Question

Solve the differentiation \[\dfrac{d\left( \sqrt{\dfrac{1-\sin (2x)}{1+\sin (2x)}} \right)}{dx}\]
A) \[{{\sec }^{2}}(x)\]
B) \[-{{\sec }^{2}}\left( \dfrac{\pi }{4}-x \right)\]
C) \[{{\sec }^{2}}\left( \dfrac{\pi }{4}+x \right)\]
D) \[{{\sec }^{2}}\left( \dfrac{\pi }{4}-x \right)\]

Answer 1

Hint: In this particular problem, first of all before differentiation we have to simplify the problems by using basic property of trigonometry identity that is \[{{\sin }^{2}}(x)+{{\cos }^{2}}(x)=1\]as well as half angular formula that is \[\sin (2x)=2\sin (x)\cos (x)\]and solve further then we have to differentiate with respect to x and get the answer.

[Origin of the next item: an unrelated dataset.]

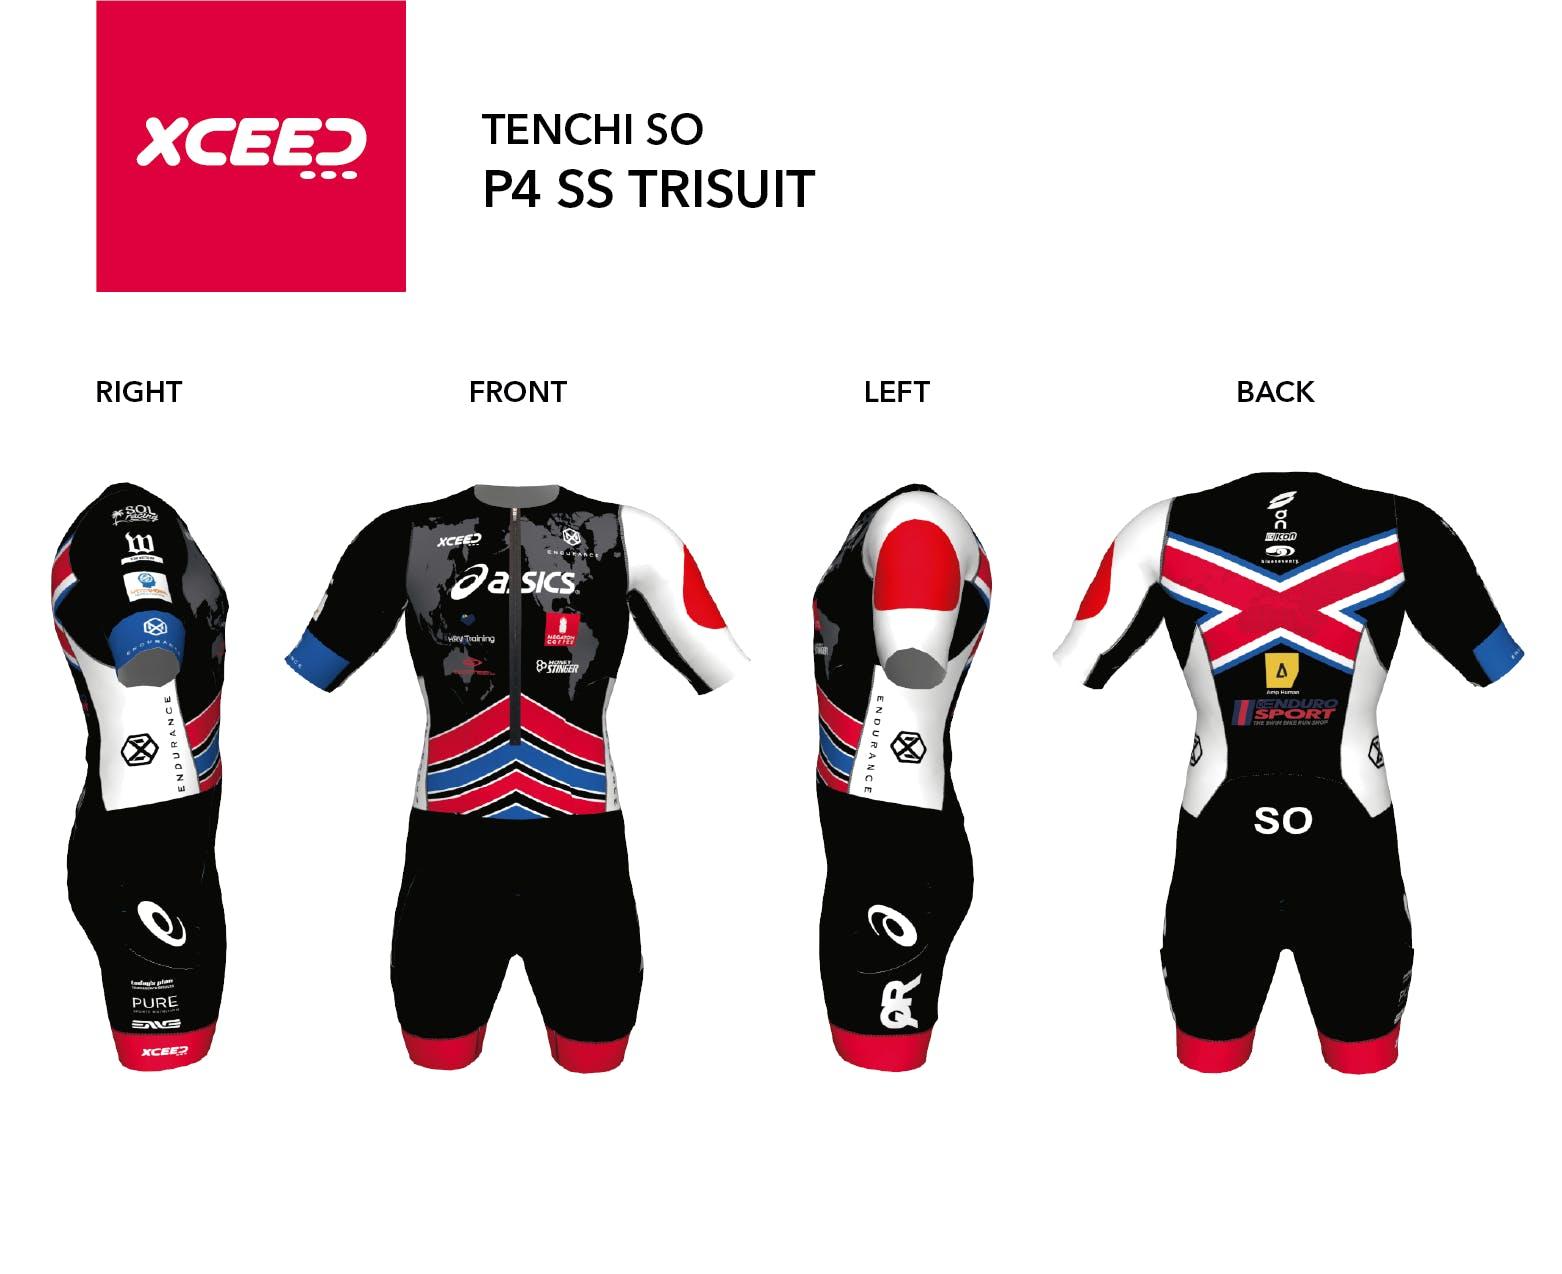 P4 Short Sleeve Tri Suit Tenchi So
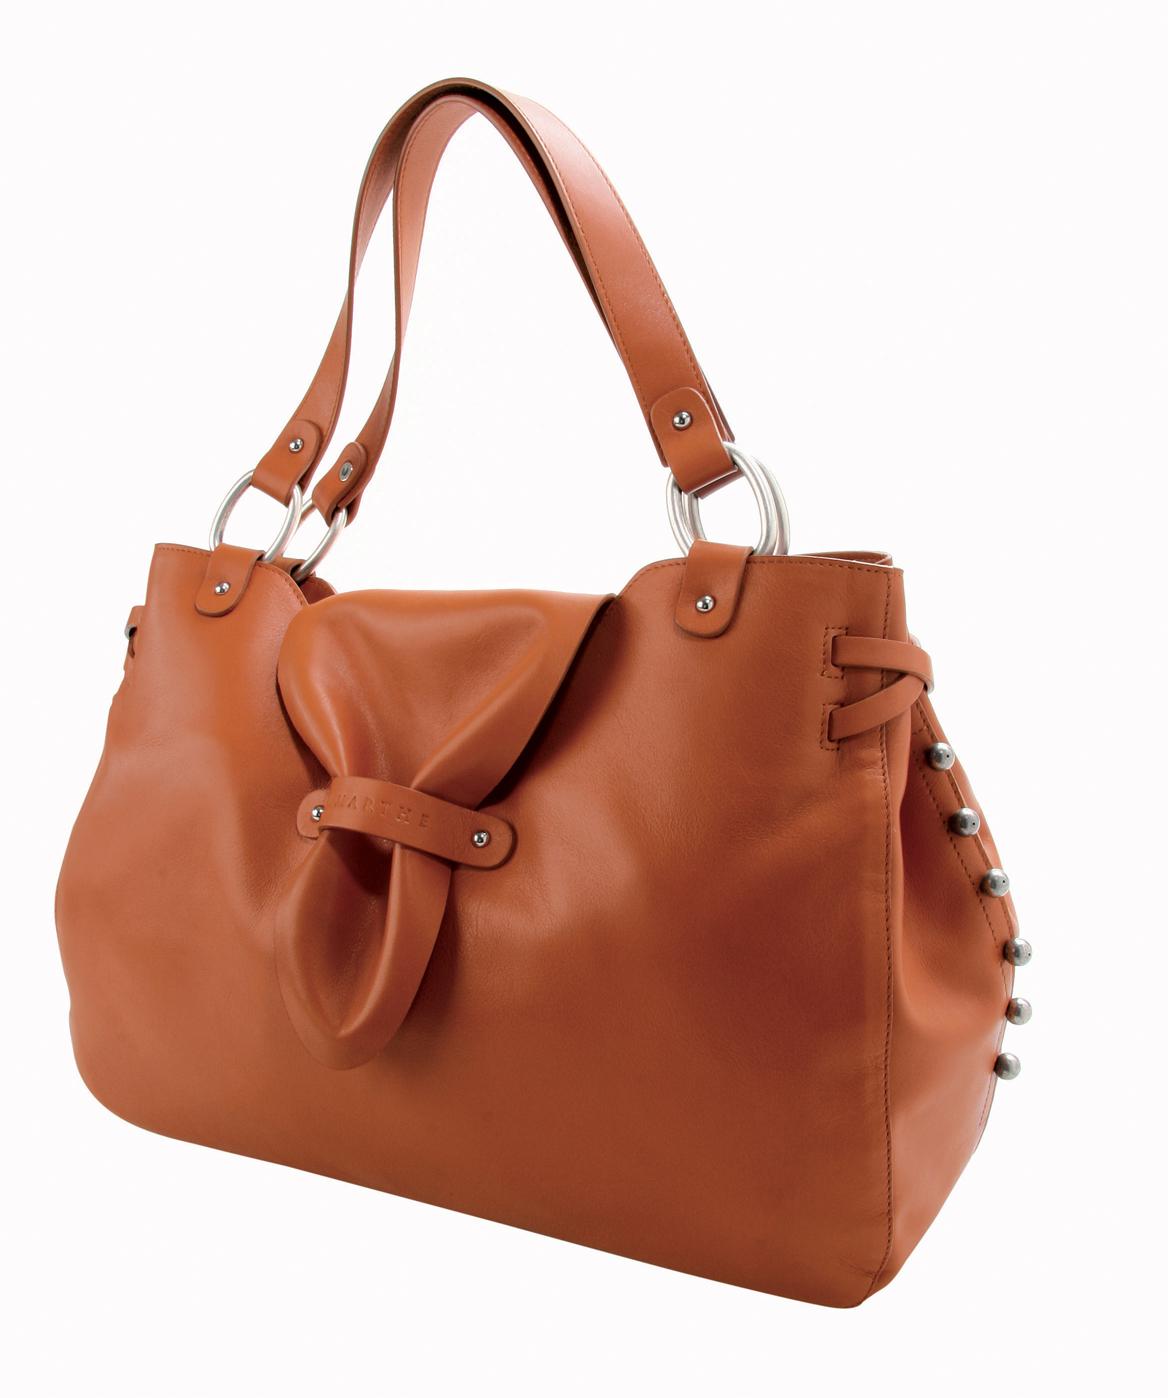 Luxury Handbag Retailer Lamarthe

Complete step by step solution:
In this particular problem, the expression is given that is
\[y=\sqrt{\dfrac{1-\sin (2x)}{1+\sin (2x)}}\]
As you can see in this expression we have to simplify this expression by using trigonometry identities as well as half angle formula that is \[{{\sin }^{2}}(x)+{{\cos }^{2}}(x)=1\] and \[\sin (2x)=2\sin (x)\cos (x)\]substitute this formula in above expression we get:
\[y=\sqrt{\dfrac{{{\sin }^{2}}(x)+{{\cos }^{2}}(x)-2\sin (x)\cos (x)}{{{\sin }^{2}}(x)+{{\cos }^{2}}(x)+2\sin (x)\cos (x)}}\]
To simplify this further we have to basic property of mathematics that is in numerator of the above expression apply \[{{(a-b)}^{2}}={{a}^{2}}+{{b}^{2}}-2ab\] and in denominator of the above expression apply \[{{(a+b)}^{2}}={{a}^{2}}+{{b}^{2}}+2ab\]
After applying this we get:
\[y=\sqrt{\dfrac{{{(\sin (x)-\cos (x))}^{2}}}{{{(\sin (x)+\cos (x))}^{2}}}}\]
It can also be written as
\[y=\sqrt{\dfrac{{{(\cos (x)-\sin (x))}^{2}}}{{{(\cos (x)+\sin (x))}^{2}}}}\]
After simplifying this we get:
\[y=\dfrac{\cos (x)-\sin (x)}{\cos (x)+\sin (x)}\]
By divide \[\cos (x)\]on both sides on numerator and denominator we get:
\[y=\dfrac{\dfrac{\cos (x)-\sin (x)}{\cos (x)}}{\dfrac{\cos (x)+\sin (x)}{\cos (x)}}\]
By further simplifying we get:
\[y=\dfrac{1-\tan (x)}{1+\tan (x)}\]
As we know that \[\tan \left( \dfrac{\pi }{4} \right)=1\]and use this in above expression we get:
\[y=\dfrac{\tan \left( \dfrac{\pi }{4} \right)-\tan (x)}{1+\tan (x)\tan \left( \dfrac{\pi }{4} \right)}\]
If you observe this above equation you can notice that we can apply the formula of \[\tan (A-B)=\dfrac{\tan (A)-\tan (B)}{1+\tan (A)\tan (B)}\]
After applying this we get:
\[y=\tan \left( \dfrac{\pi }{4}-x \right)\]
Now, we have differentiate with respect to x and apply \[\dfrac{d\tan (x)}{dx}={{\sec }^{2}}(x)\] in above equation we get:
\[\dfrac{dy}{dx}=\left[ {{\sec }^{2}}\left( \dfrac{\pi }{4}-x \right) \right]\times \dfrac{d\left( \dfrac{\pi }{4}-x \right)}{dx}\]
After simplifying we get:
\[\dfrac{dy}{dx}=-{{\sec }^{2}}\left( \dfrac{\pi }{4}-x \right)\]
Therefore, the correct option is option (B).

Note:
In this type of problem always remember the formula of trigonometry as well as the formula of derivative correctly. It is always advisable that first you have to reduce the expression which is given in the question so that the problem will become easier to differentiate and also it can avoid silly mistakes because if you differentiate directly then it becomes lengthy as well as complicated and time consuming. So, the above solution is preferred for such types of problems.